Now there is also a checklist, elsewhere on the same site and that splits the cards into series, revealing that though our first set is of 200 cards, in total there were 823 - and that does not include the back variations.
Friday, 26th January 2024
Here we have one of the non-singers that were inducted into the Hall of Fame in the first wave. This is Albert James Alan Freed, the disc jockey who gave the phrase "Rock and Roll" to the World almost by accident.
He was born on December 15th, 1921, in Johnstown Pennsylvania. He played trombone, in a band, though his dream was to be a bandleader. Sadly he had recurring ear problems, and this resulted in an infection which affected his hearing. Instead, he went to University, and started to become interested in the possibilities of radio as entertainment, not just information. During the Second World War he was asked if he would do a spot of presenting on Armed Forces Radio. This was more like his dream of radio, rousing tunes to entertain the soldiers as they prepared to go into battle and soft tunes to remind them of home in their downtime.
After he was demobbed, he started hunting for radio presenting jobs, picking up several such gigs in Pennsylvania and Ohio. He also changed the playlists, introducing more of the rousing tunes, like jazz, blues, and pop, and using recordings by the original African American singers, not the cover versions by white singers that radio habitually used.
He started to call this mixed style "Rock and Roll", and the teenagers, themselves newly invented, rebelling against the old ways, and wanting change, could not get enough.They said he talked their language, and he did.
However there is another reason for his inclusion in the Rock and Roll Hall of Fame, and that is an event he organized, in Cleveland, which is considered the first ever Rock and Roll concert. This was called "The Moondog Coronation Ball", and so many listeners attended that there was gross overcrowding, and also, almost, a riot amongst those who could not get in. This hit the papers, and raised his profile, and led to him appearing in several cinema films produced to please the teenage audience, including "Rock around the Clock" and "Mister Rock and Roll", which he adopted as a nickname.

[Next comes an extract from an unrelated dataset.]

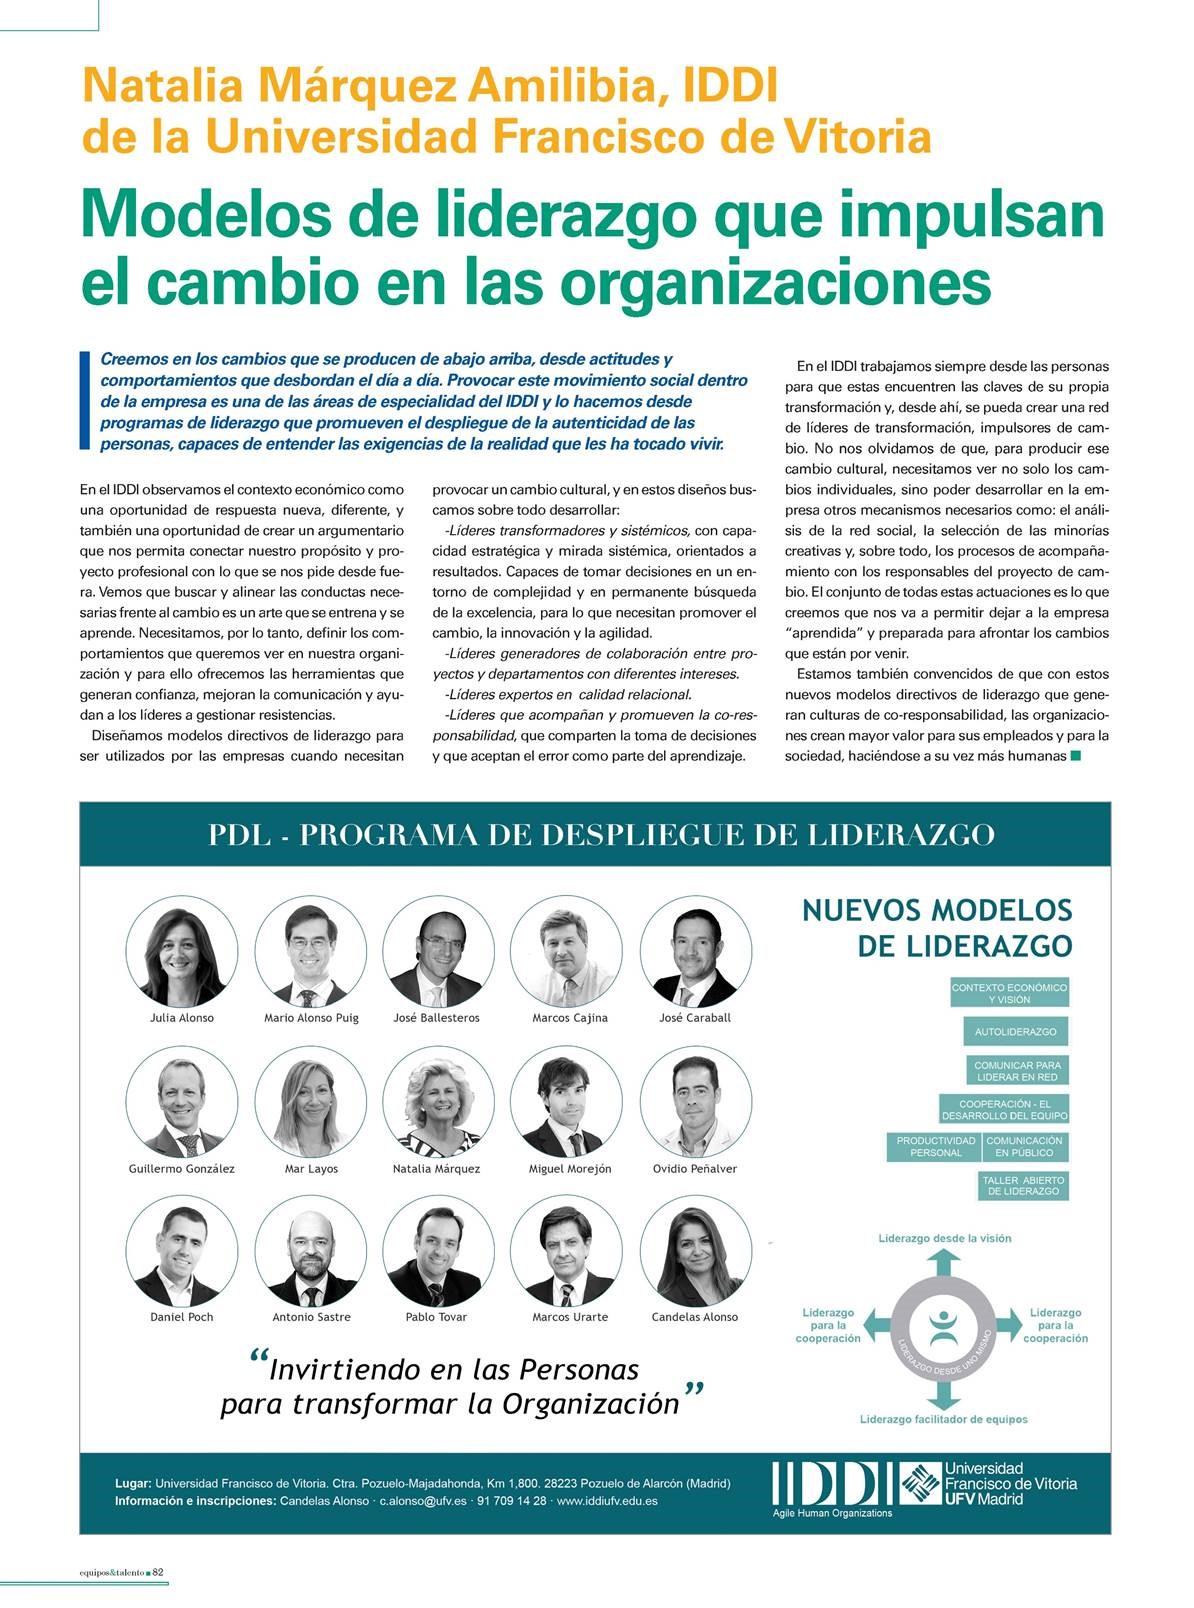 iddi 1 Natalia Márquez, del IDDI de la UFV, nos habla de una de las actuaciones en empresas en las que el IDDI es experto: los modelos directivos de liderazgo que impulsan el cambio Estudiar en Universidad Privada Madrid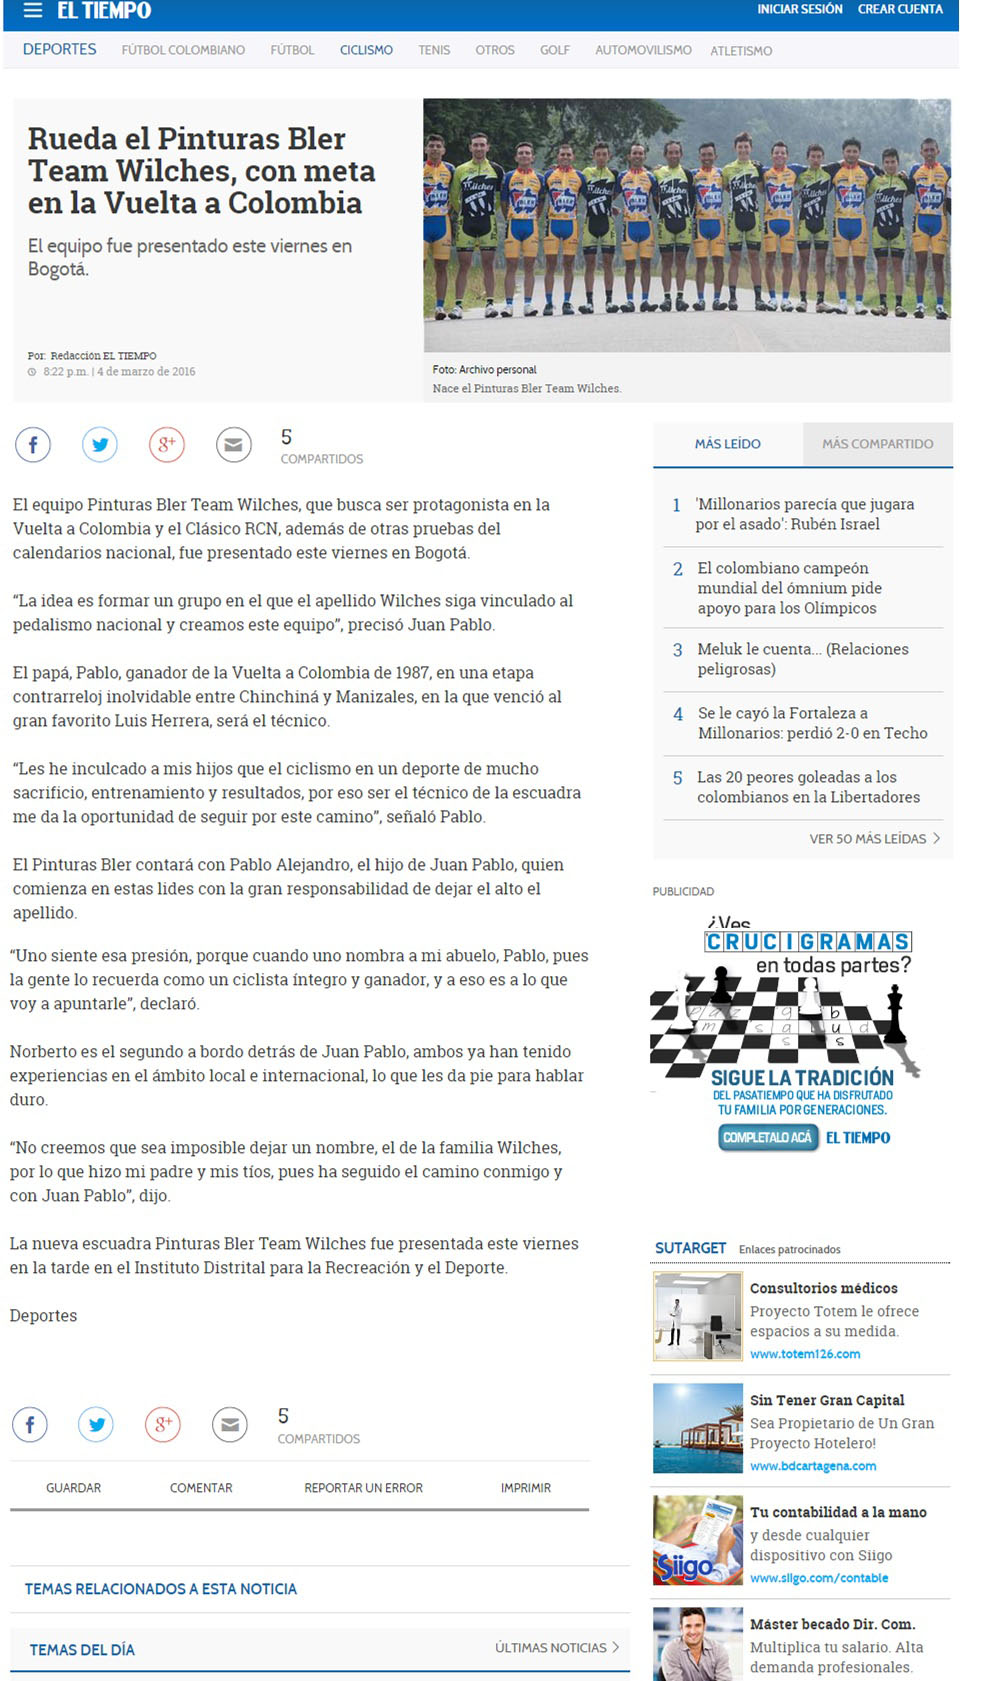 Tiempo.com 4 de Marzo 2015 [web]

He also gained a weekly music series, in 1957, "The Big Beat", which fell foul of the segregation laws of the time, and was cancelled. He ran into other trouble after that, being accused of taking too much of a cut of the money, and even claiming the writing credits falsely, from the artists he represented. He was also hit with massive tax bills. He started to drink more, and died in January 1965 at the age of just forty-three.
Now I thought we had featured this set before, but we have not, that one, which you can see in our newsletter for https://csgb.co.uk/publications/newsletter/2023-02-04 was Topps "Hit Stars" too but if you look in the bar beneath the star`s name, it says "A Series of 37 T.V. and Movie Stars", whereas our card says "A Series of 62 Recording Stars". After investigation the set is actually comprised of eighty-eight cards, It turns out to be a set of 88 cards, with card 63 being card 1 of the movie star set. But it is useful to clear this up. Though the numbering is baffling as the last card, 88, says it is number 26 in the series of 37. Maybe someone with a complete set, and a better head for math, can sort this out for us? Many thanks in advance.
And there you have it, just beat the bell for midnight. There is still a bit to add about our Boys Cinema Set, but that will be notified, when ready, in the "What`s New" box on our front page.